Problem requirements:
From first line to last, copy the listing exactly and omit its pictures.

Recorded data:
################
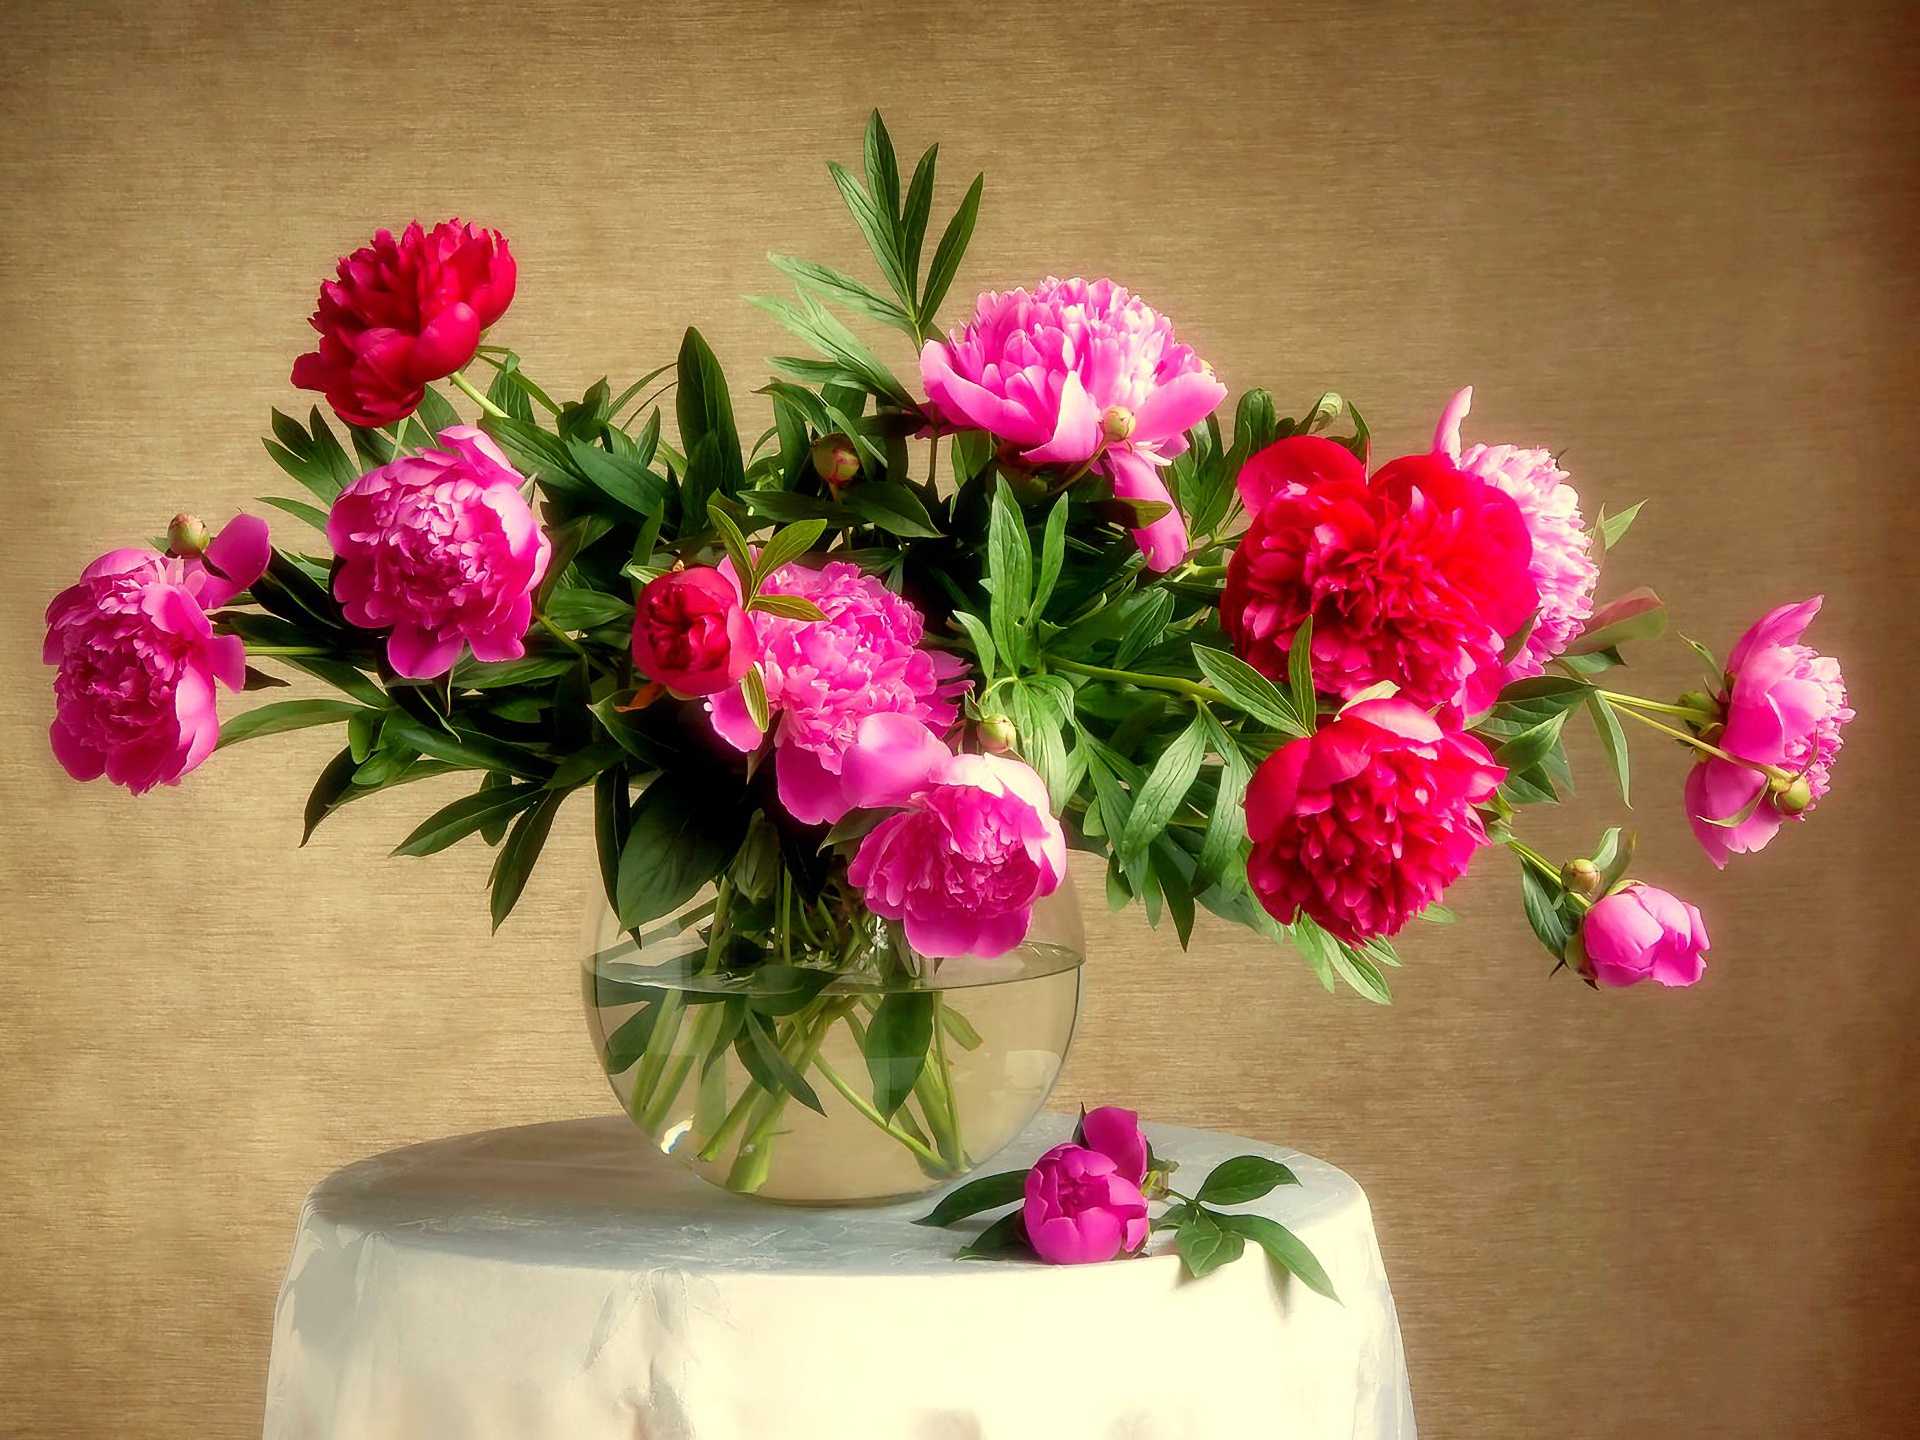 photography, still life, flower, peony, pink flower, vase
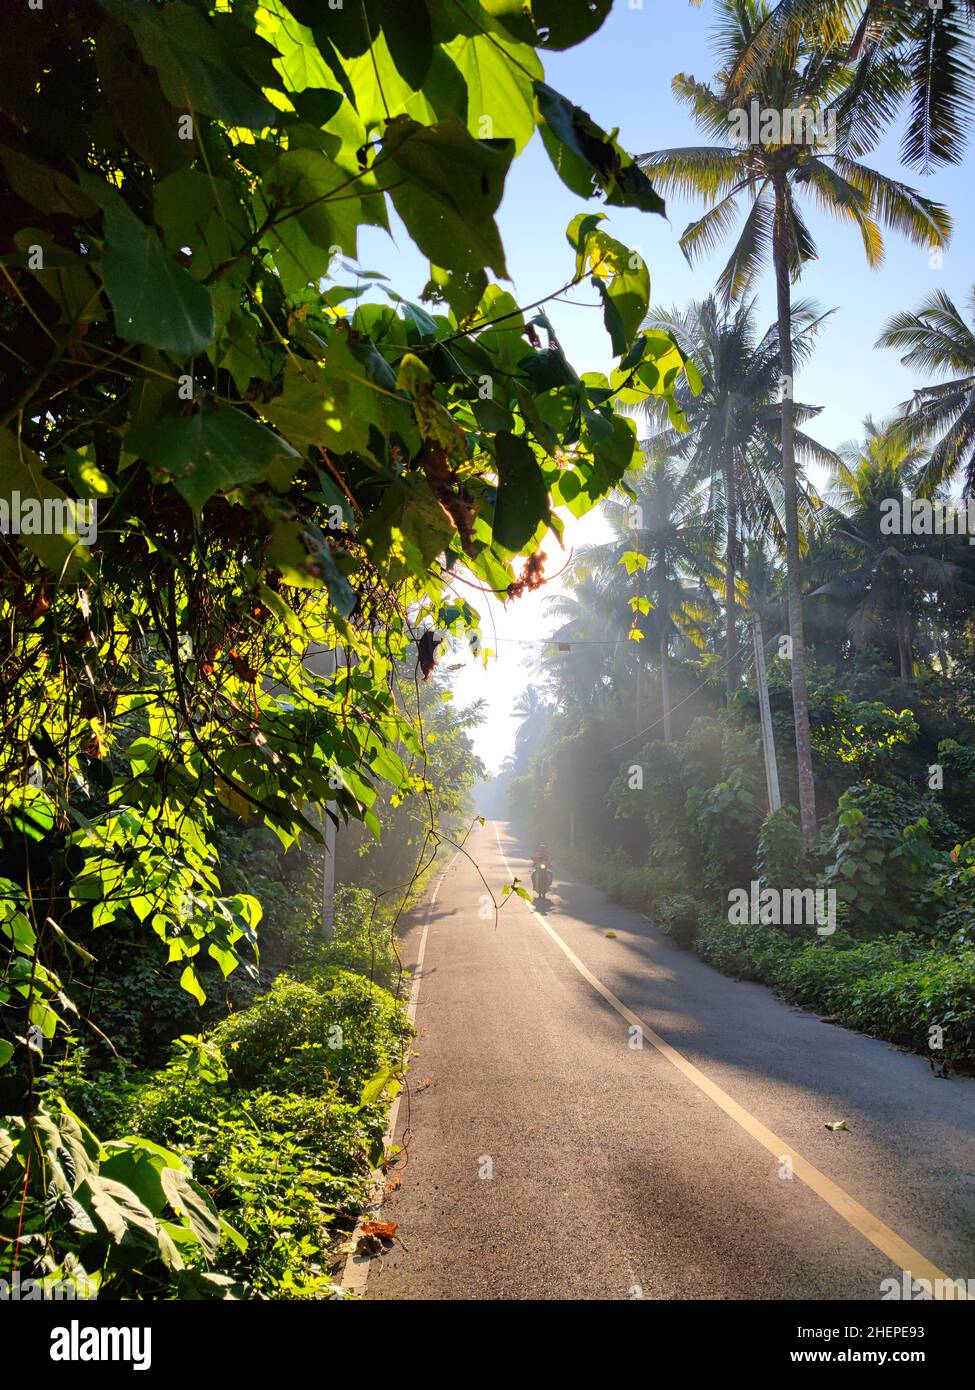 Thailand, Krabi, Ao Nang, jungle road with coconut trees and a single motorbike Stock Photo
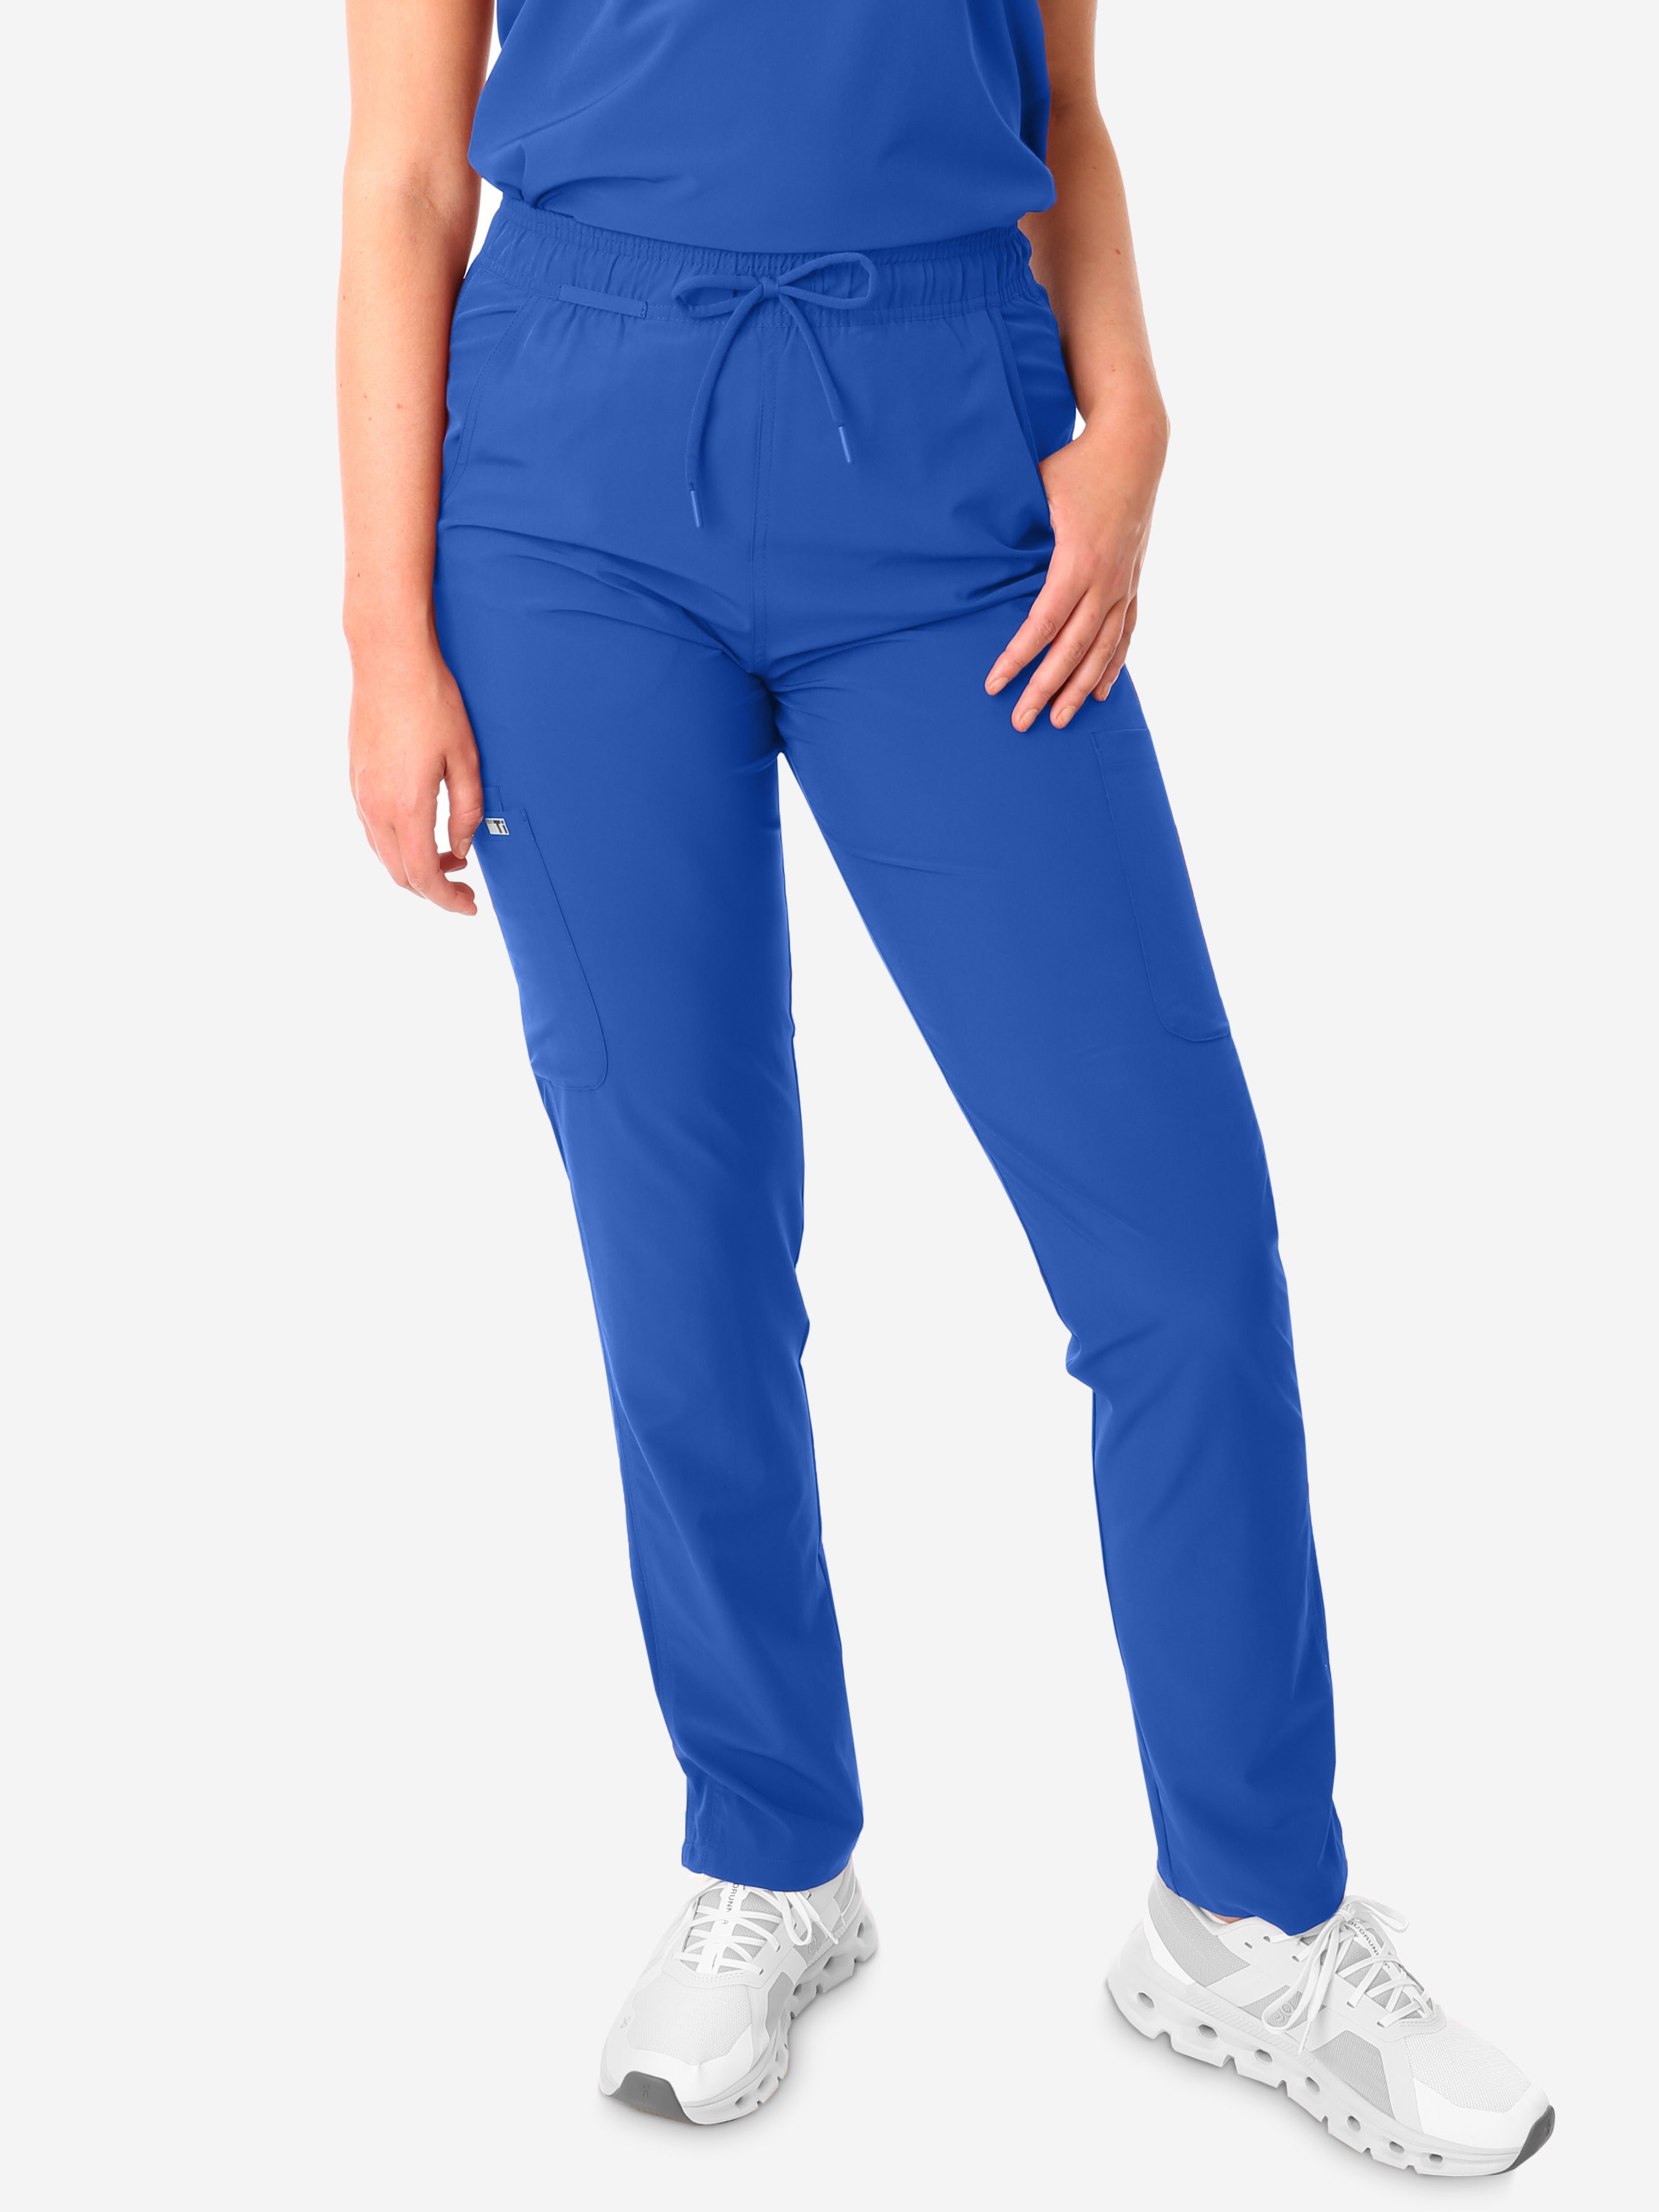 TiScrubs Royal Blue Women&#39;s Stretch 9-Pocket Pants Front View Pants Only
################
Reply:
 photography, still life, flower, peony, pink flower, vase
 Thailand, Krabi, Ao Nang, jungle road with coconut trees and a single motorbike Stock Photo
 TiScrubs Royal Blue Women&#39;s Stretch 9-Pocket Pants Front View Pants Only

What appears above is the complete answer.